Wenn unsere Blicke sich kreuzen, fühle ich so ein intensives Leben, daß es mich wirklich beeindruckt. Die Größe des Menschen, die Größe der Halle, die Größe der Show, die Größe des Publikums. Das alles gibt es nur einmal. Es gibt nur einen, der das schafft: Udo Lindenberg. Im Duett mit Peter Brings, einem riesigen schwebenden Cello mit Trapez-Artistinnen, mit einfliegendem Ufo, aus dem Gerhard Gösebrecht Grüße aus dem 13. Sonnensystem sendet, mit dem unsinkbaren Panik Orchester und der Panikfamilie („43 Jahre betreutes Rocken“ sagt er dazu), von der süßen "Candy Jane" bis zum Vampir, mit der 0-Rhesus-Negativ-Intoleranz und Kids on Stage ...und...und...und...

"Ich schwöre, wir sehen uns wieder yeah!"

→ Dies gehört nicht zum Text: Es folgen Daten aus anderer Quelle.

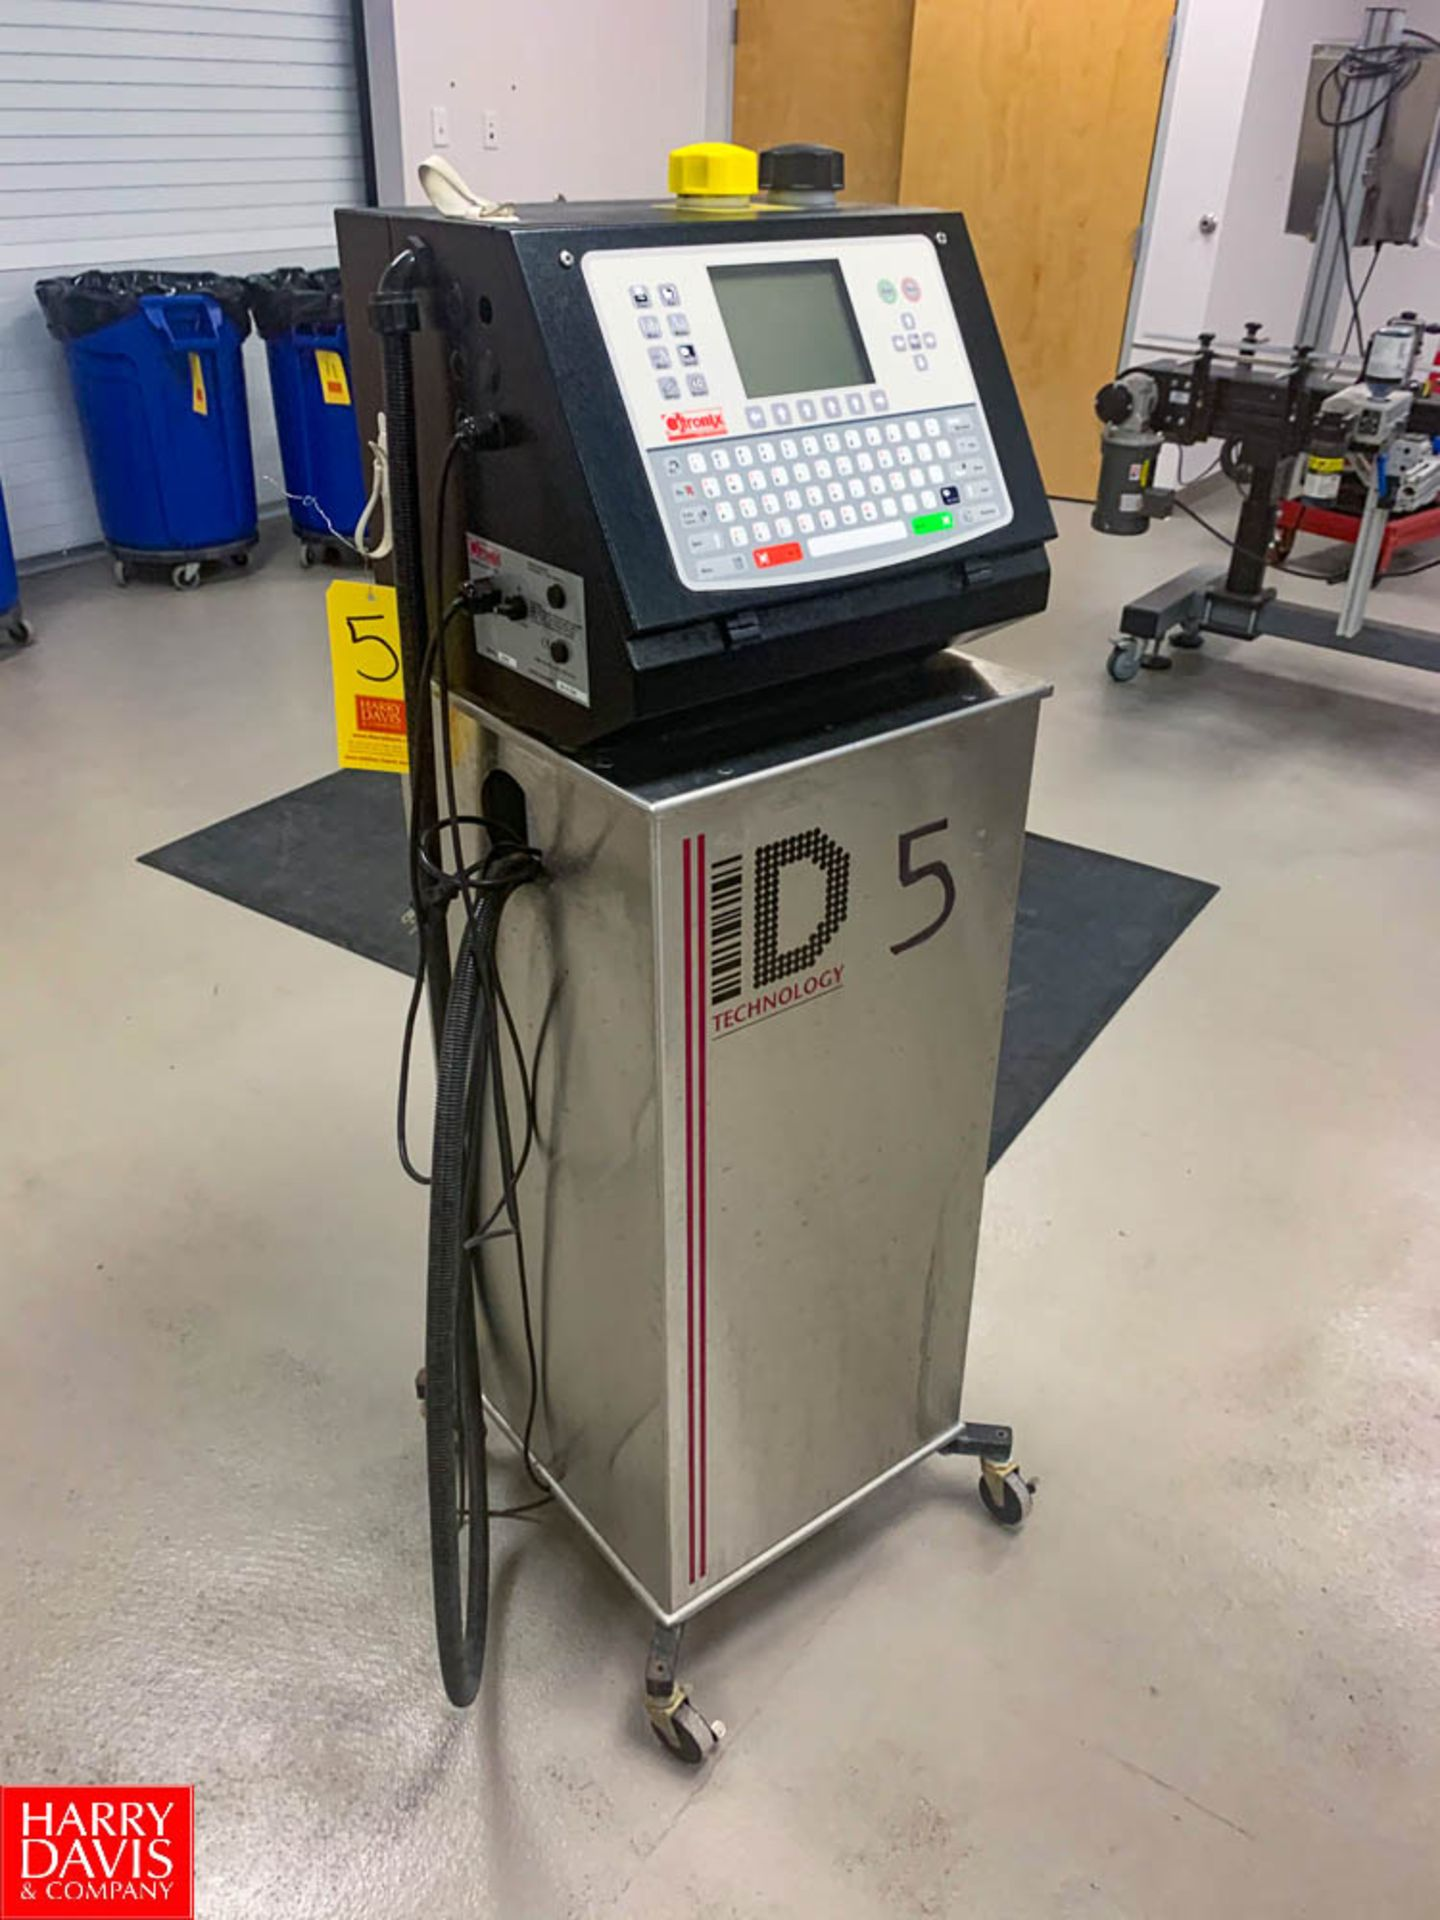 Citronix ID Technology Ink Jet Printer S/N: 0414134B Model: ci580 Rigging: $50
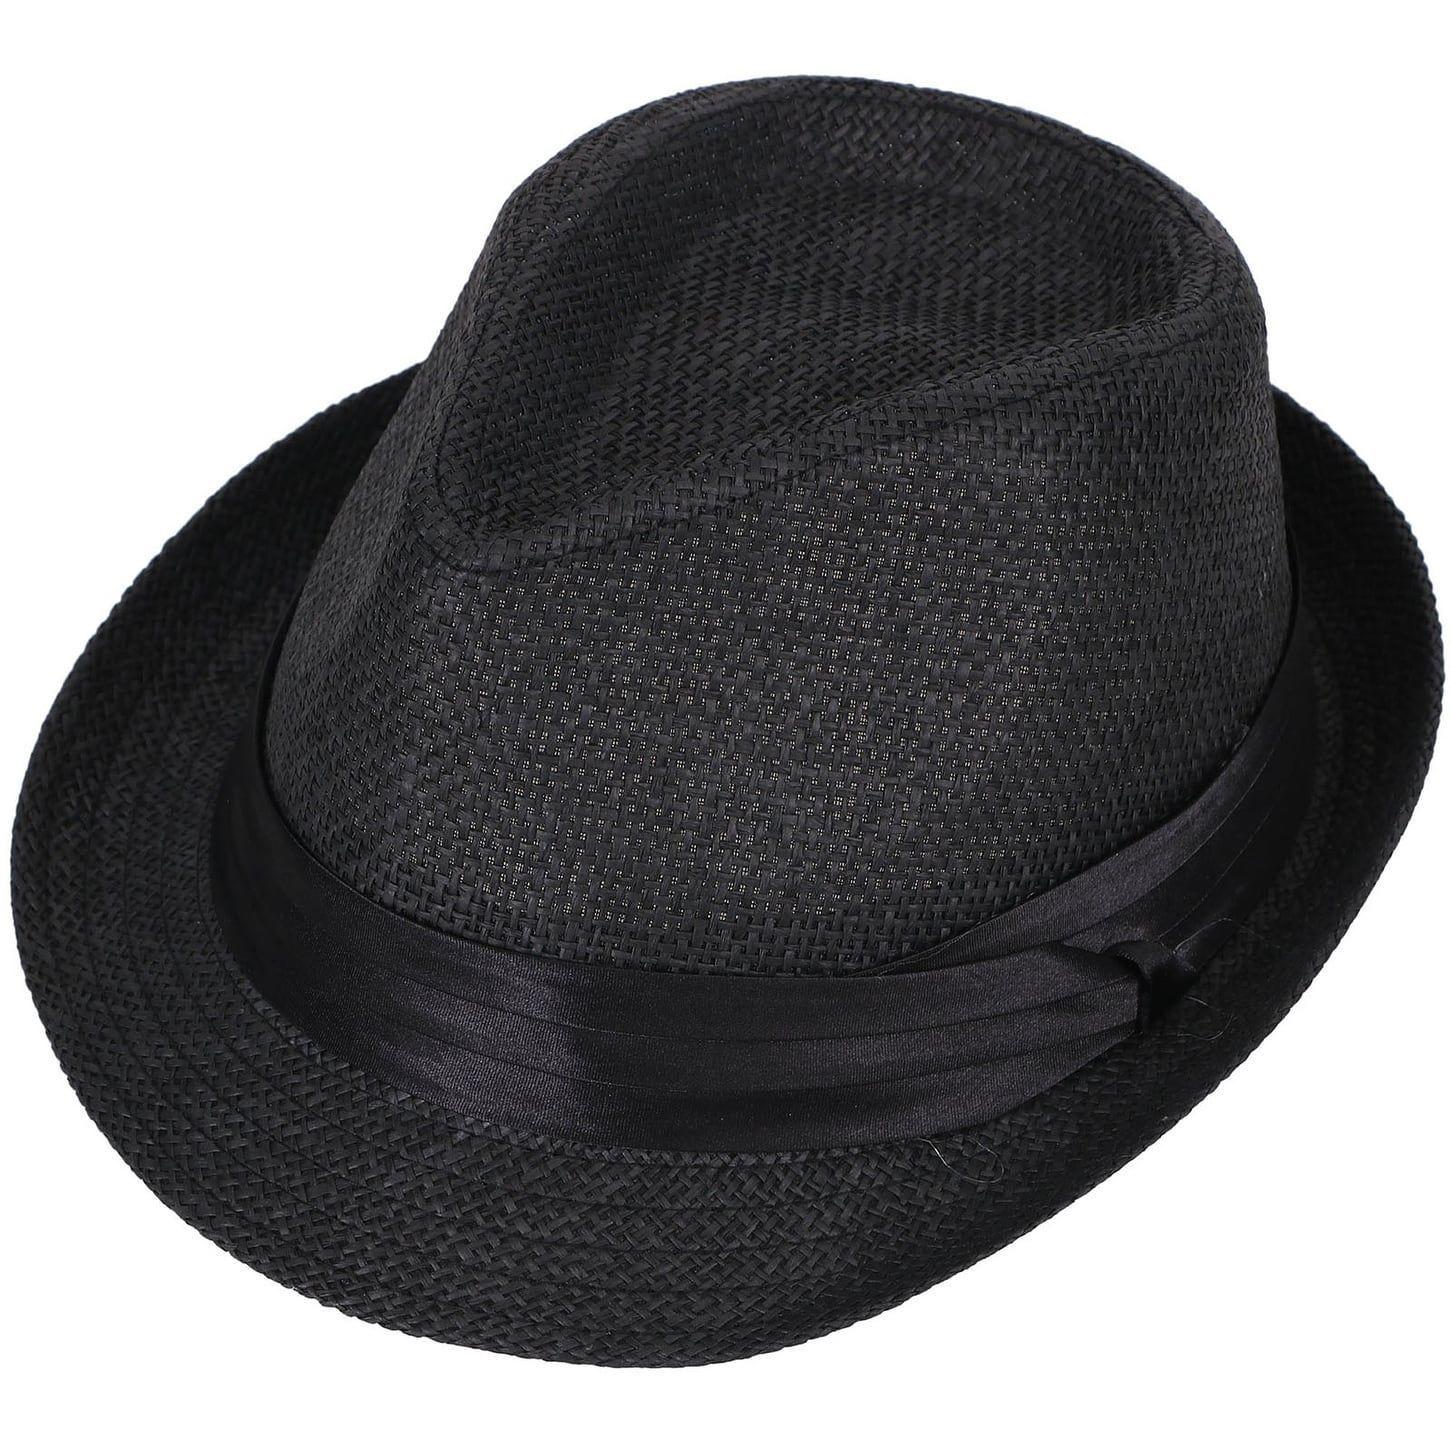 bcc258f60497f Simplicity Women Men Summer Double Colors Fedora Hat w  Rasta Band ...
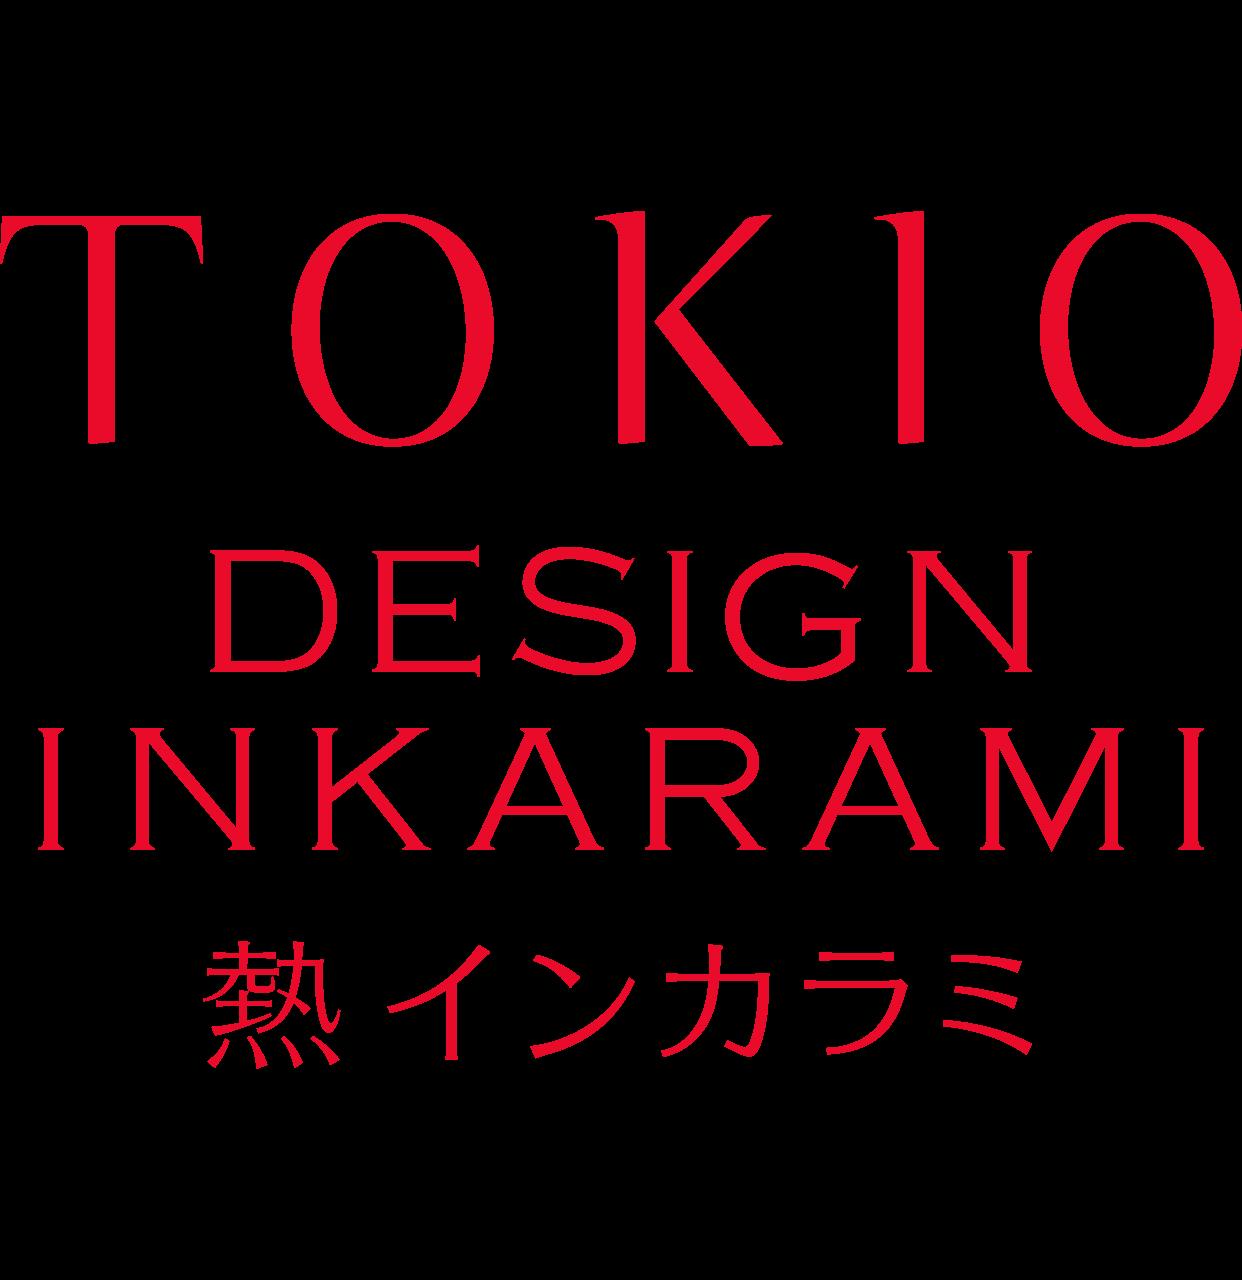 TOKIO DESIGN INKARAMI
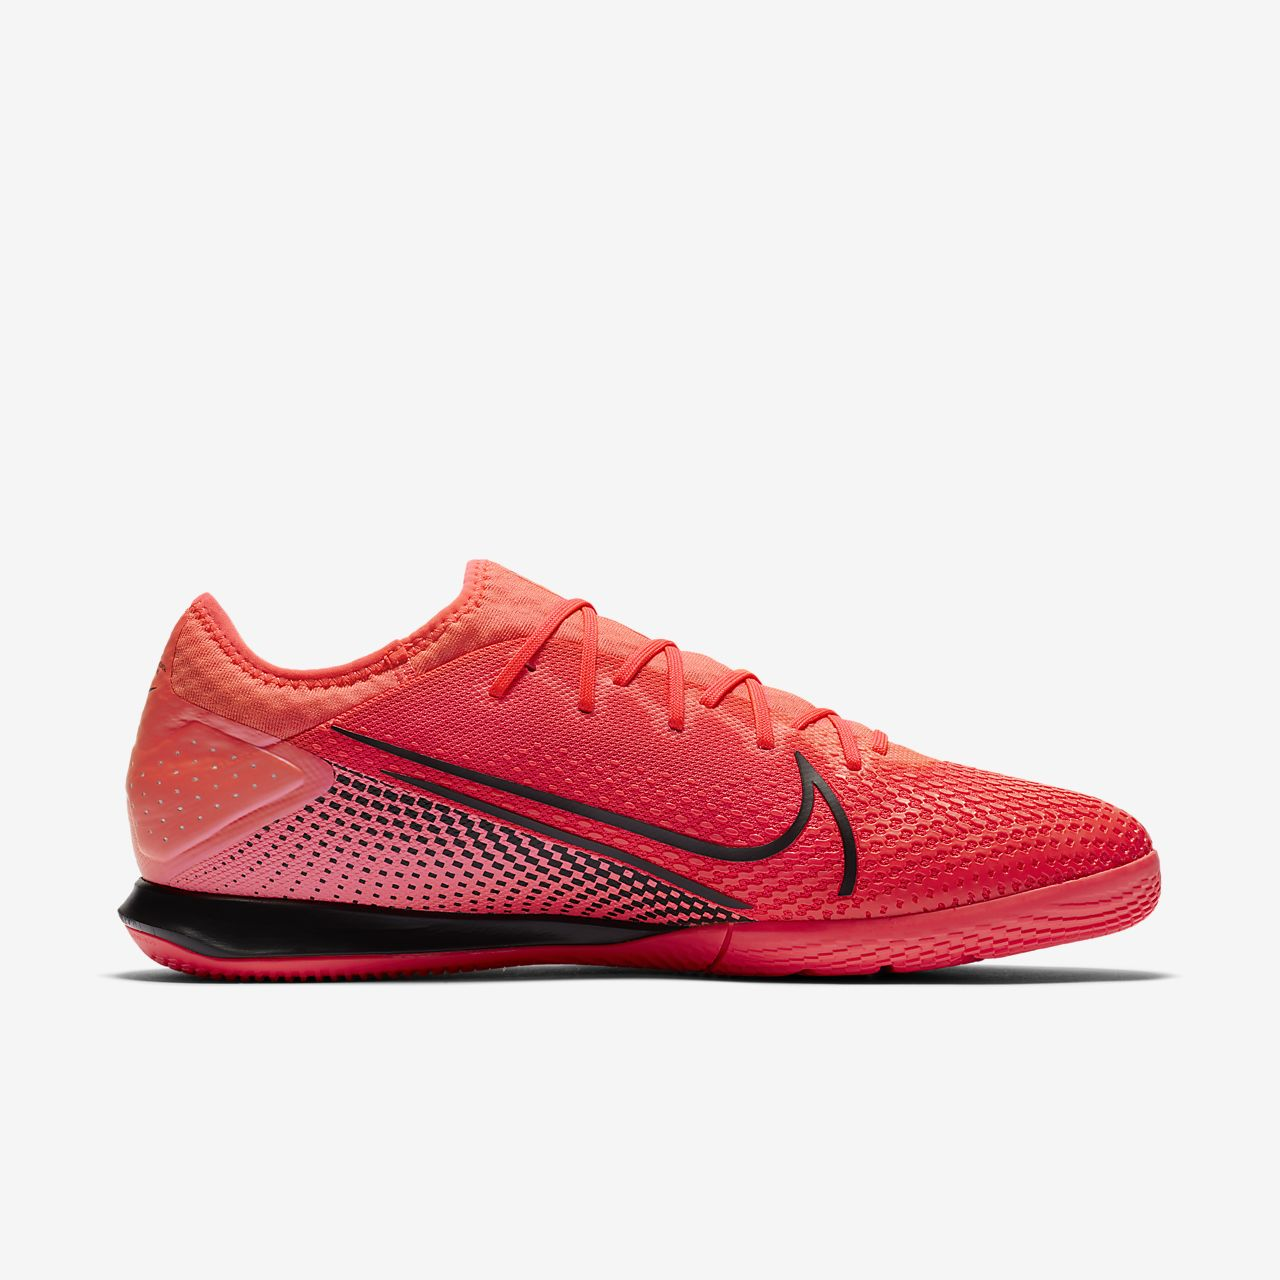 Chelsea F. C. Nike Air Max Fußballschuh Nike Mercurial Vapor

Er kommt hereingeschwebt und zum Finale schwebt Panikpräsident unter Raketengetöse wieder 'raus. Im Astronauten-Kostüm. Nicht ohne das Versprechen: "Ich schwöre, wir sehen uns wieder!" Dazwischen liegt die größte Hochgeschwindigkeits-Show, die dieses Jahr die Hallen rockt: Ufo-Udo und sein Panik-Orchester. Möge er sein Ziel erreichen, im Club der Hundertjährigen und darüber hinaus. Möge er uns noch lange erhalten bleiben.